Мы интегрировали информацию из перекрытий, пар сопряжений и длинных считываний, чтобы улучшить непрерывность сборки Qpac, и получили версию каркаса под названием RefCHEN125. Сборка RefCHEN125 имеет длину N50 1079 т.п.н., общий размер 1,314 Гбит / с и включает 5689 последовательностей (таблица 3). Разница в размере между RefCHEN125 в отношении Qpac была в основном из-за перекрытия контигов, поддерживаемого парами сопряжения или длинными чтениями. Из-за размеров диапазона наших библиотек сопряженных пар (макс.размер пика 8 кб), которые находились в том же диапазоне, что и длина субпотока PacBio, обнаруженные ссылки чаще приводили к слиянию, чем к вставке пропусков. Основное улучшение произошло за счет переупорядочения 2188 контигов в соответствии с их смежностью в геноме, выведенной из информации о гаплотипах. Сборка Qpac первоначально предоставила непрерывную информацию для максимального участка в 7,3 Мбит / с, тогда как RefCHEN125 предоставил основанные на гаплотипах доказательства упорядоченных контигов в больших регионах до 39,7 Мбит / с и скаффолдинговых контигов в регионах до 10.5 Мбит / с. Последовательности в файле FASTA RefCHEN125 были упорядочены и переименованы, чтобы отразить их положение в собранном геноме.

Хромосомы, каркасы и контиги

//www.ensembl.org/?mobileredirect=no

Геномные сборки являются иерархическими.Самыми короткими компонентами сборки являются контиги, которые представляют собой последовательности, взятые у отдельных лиц. Контиги собираются в более длинные каркасы, а каркасы собираются в хромосомы, если имеется достаточная информация о картировании. Многие сборки генома собраны только до уровня каркаса.

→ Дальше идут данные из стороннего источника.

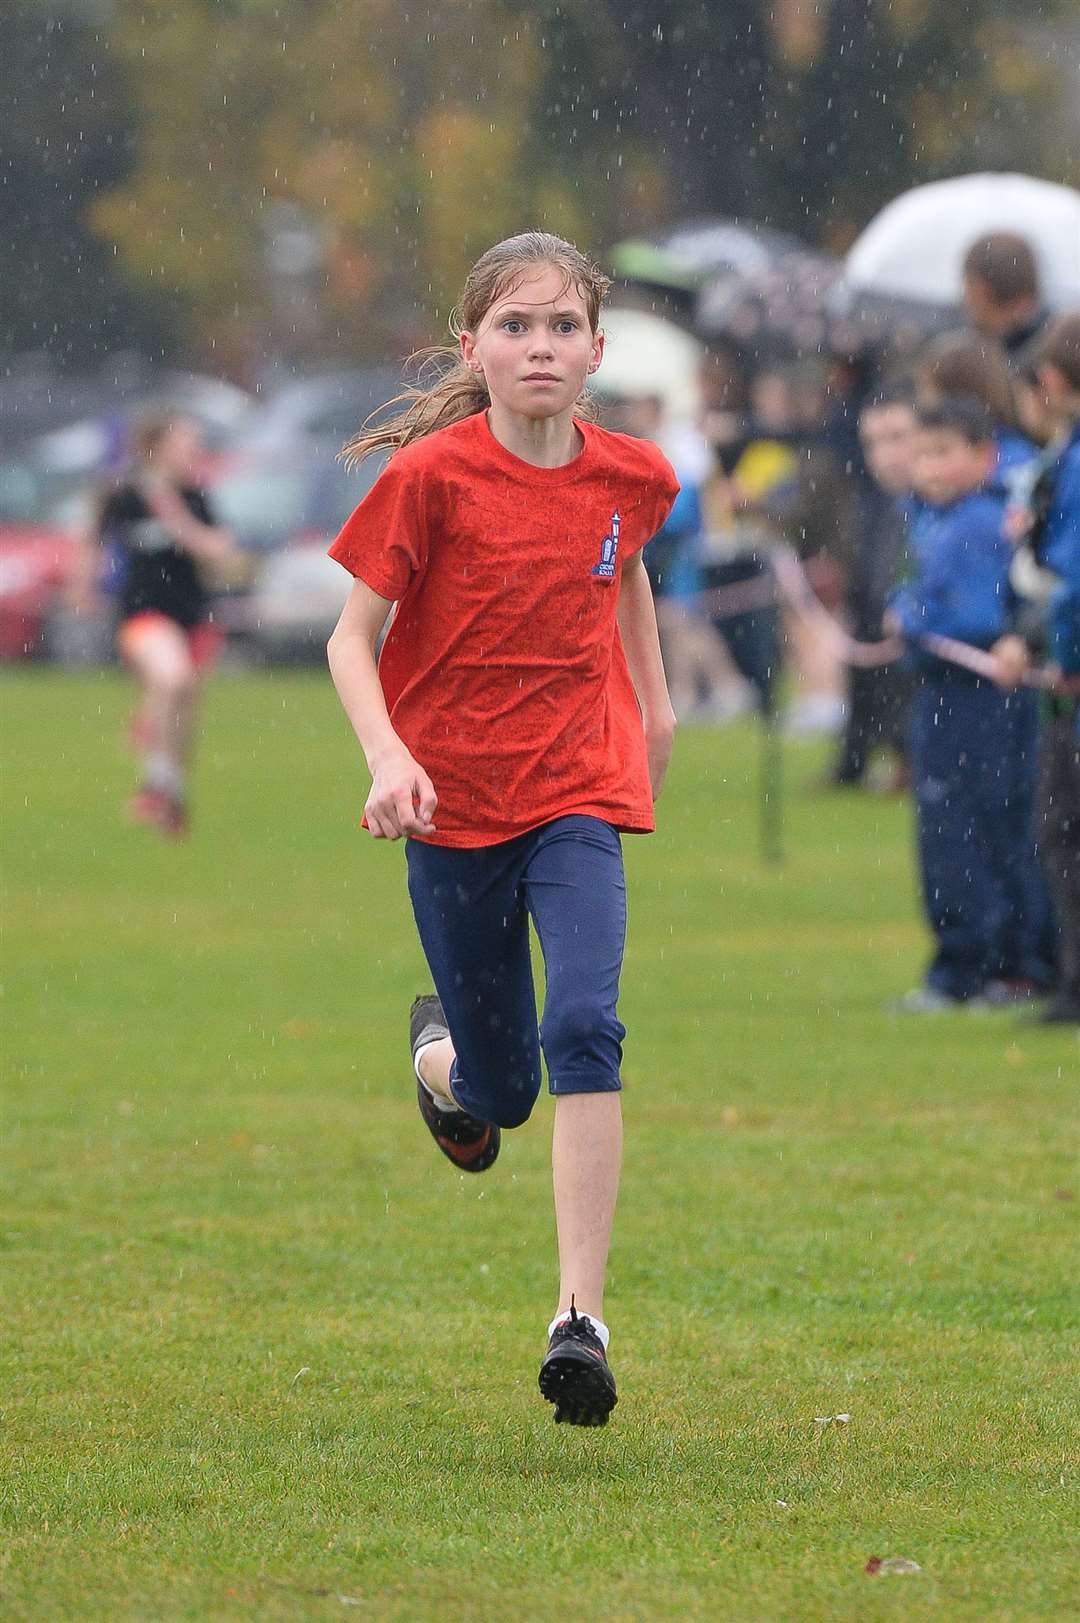 Even going back to her days at Crown Primary School, Megan Keith was competing for medals in orienteering. Picture: Callum Mackay

Строительные леса подразделяются на три категории:

• Размещенные каркасы : каркасы размещены внутри хромосомы.
• Нелокализованные каркасы : хотя хромосома, внутри которой находится каркас, известна, положение или ориентация каркаса неизвестны.
• Неразмещенные каркасы : неизвестно, к какой хромосоме принадлежит каркас.

Отношения между контигами, каркасами и хромосомами определены в файлах AGP. Эти файлы описывают, как собранные последовательности (например, хромосомы) составляются из их компонентов (например, каркасов). В Ensembl мы импортируем последовательность ДНК на уровне контигов в наши основные базы данных. Мы также импортируем файлы AGP для сопоставлений контиг-скаффолд, контиг-хромосома и скаффолд-хромосома.Это позволяет нам генерировать последовательность каркаса и хромосомы на лету, сшивая последовательности контигов вместе, как указано в файлах AGP.

Верхний уровень

Для каждой сборки генома мы определяем набор последовательностей верхнего уровня. Это участки последовательности в сборке генома, которые не являются компонентом другой области последовательности. Например, когда геном собран в хромосомы, последовательностями верхнего уровня будут хромосомы и любые нелокализованные или неразмещенные каркасы.